Management highlighted that it sees growth opportunities for F&N in Thailand and other Southeast Asian (SEA) markets by leveraging ThaiBev’s current route-to-market, note Chee and Sim. The consolidation of F&N is expected to register margin expansion and sales growth synergies including combined raw material procurement and research and development (R&D) efforts.

In a previous report dated Nov 12, DBS noted that the series of corporate actions in ThaiBev’s food and beverage (F&B) business could lead to a potential IPO of an “F&B Co” to unlock value, deleverage at the parent company level as well as improve strategic focus.

To this end, Chee and Sim believe that the company is seeing multiple positive signs for FY2025.

“With improved fundamentals in place, we are hopeful of potential value-unlocking corporate actions being finalised in the coming year,” they say.

Meanwhile, Tan and Mo have reduced their patmi estimates for FY2025 to FY2026 by 3% to 5% from lower margin assumptions.

The UOB Kay Hian analysts’ new FY2025 to FY2027 patmi estimates are THB29.25 billion (from THB30.17 billion), THB31.56 billion (from THB33.16 billion) and THB33.44 billion (newly introduced) respectively.

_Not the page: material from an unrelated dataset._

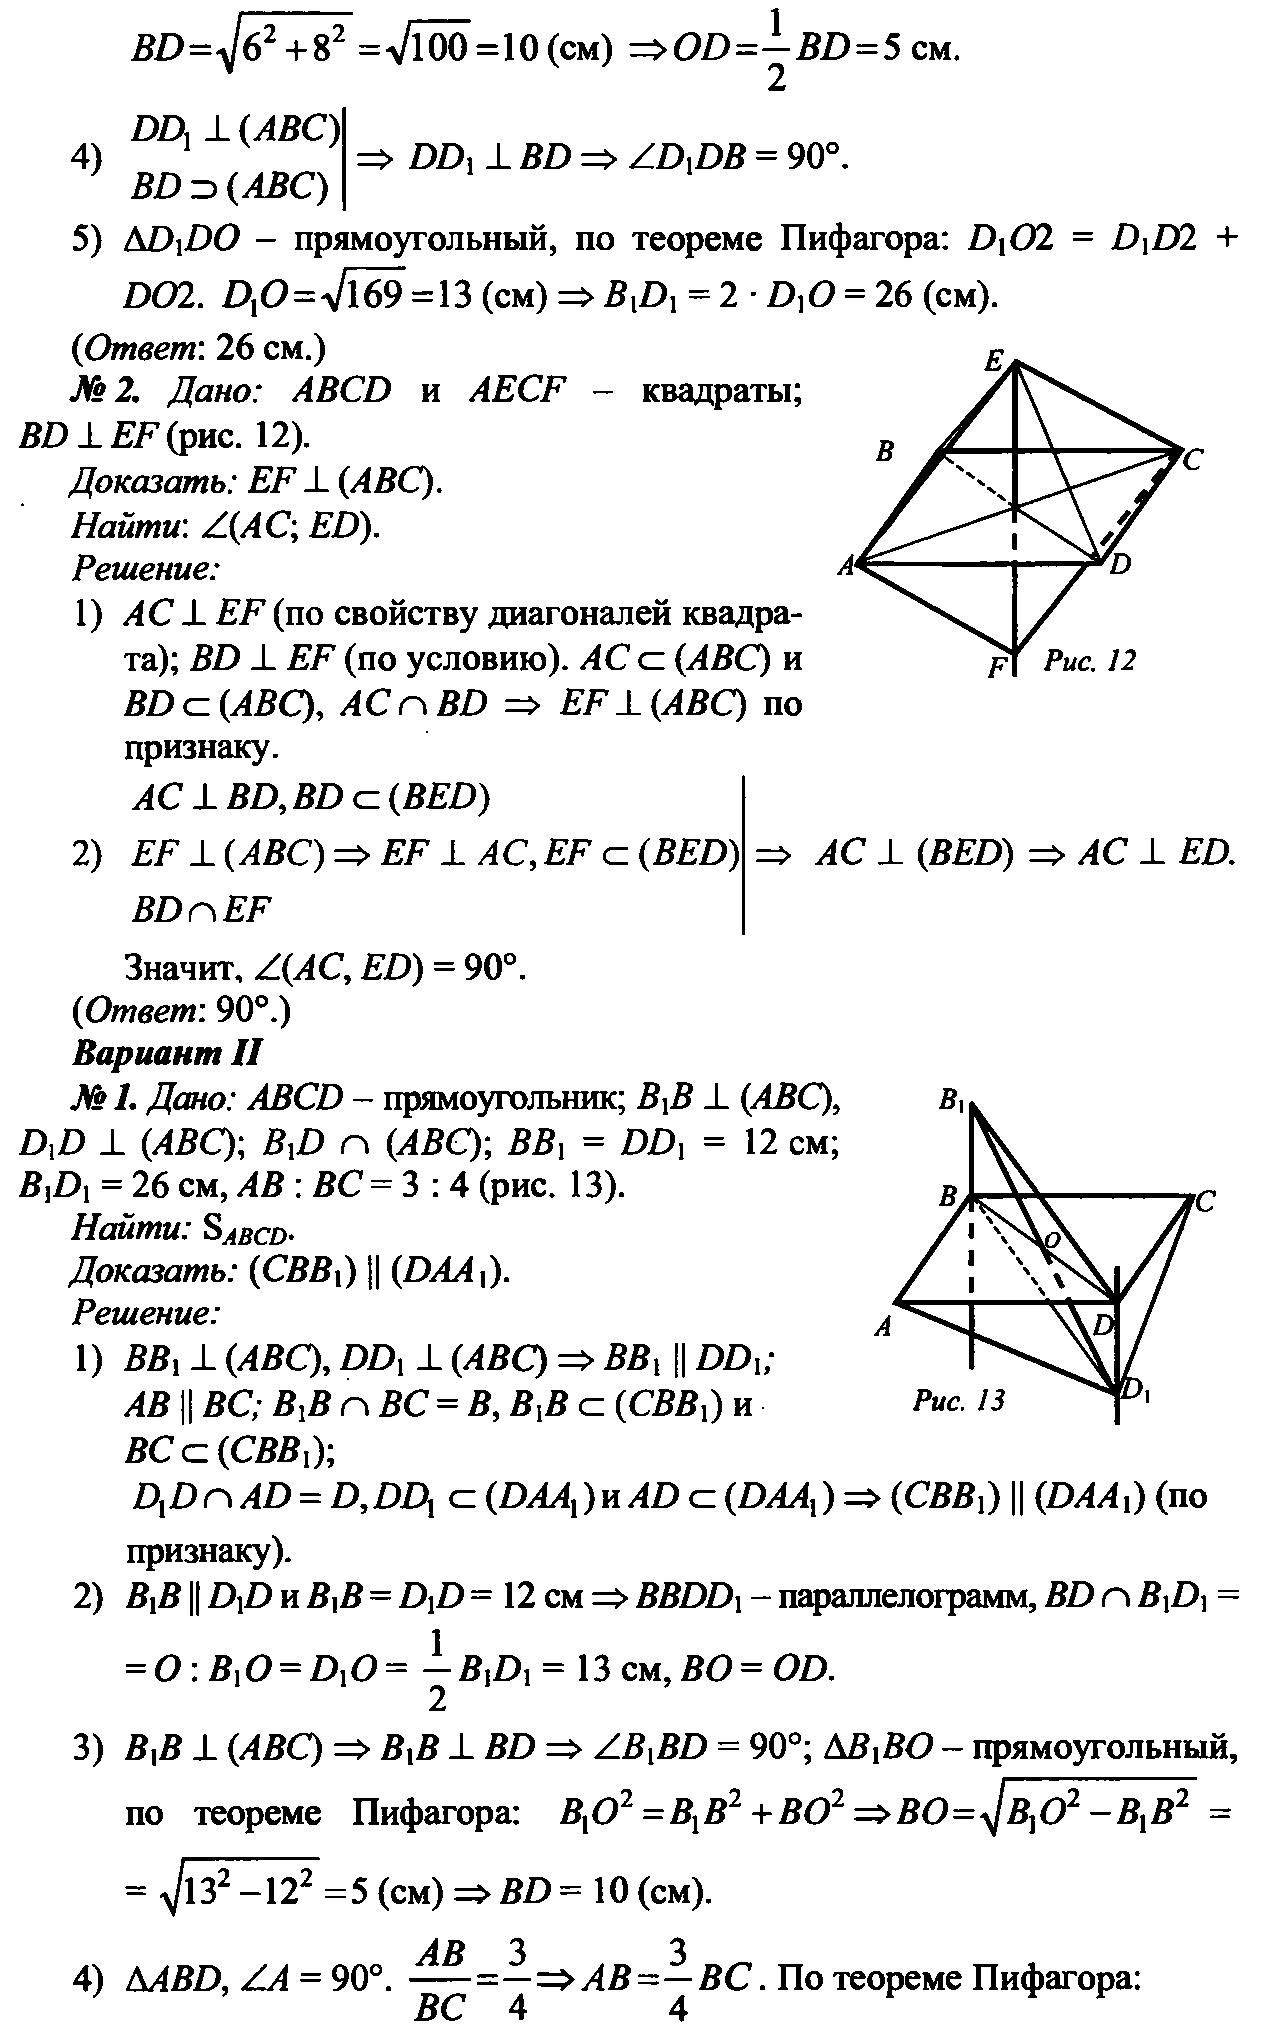 Рабочая программа по геометрии класс УМК Атанасян Л С  hello html m5ccf7ae4 png hello html 54396875 png 16 02 Контрольная работа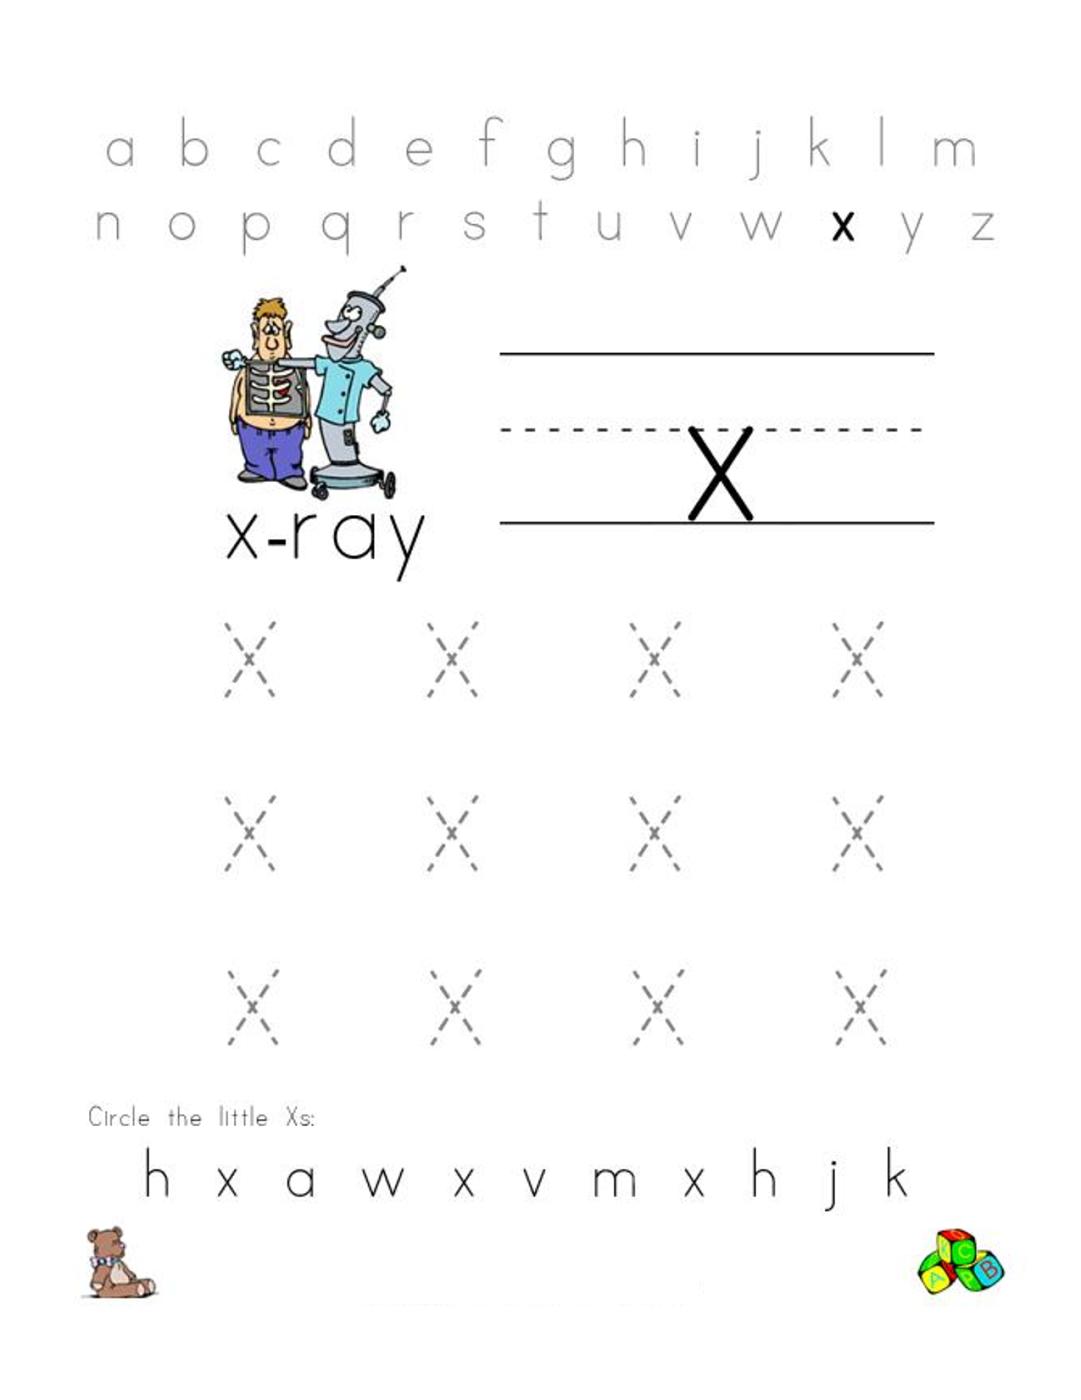 English Alphabet Worksheet for Kindergarten | Activity Shelter

“In our view, we still reckon that ThaiBev remains attractively priced at -1.5 standard deviations (s.d.) to its long-term average mean P/E, backed by a decent 5.1% FY2025 dividend yield,” they write. “However, we recommend investors to take profit on any run-up in share price performance close to our target price. The potential BeerCo IPO remains a strong catalyst for the stock.”

DBS’s target price is pegged to 16 times its FY2025 P/E or -0.5 s.d. of its 10-year average.

As at 11.31am, shares in ThaiBev are trading 1 cent higher or 1.94% up at 52.5 cents.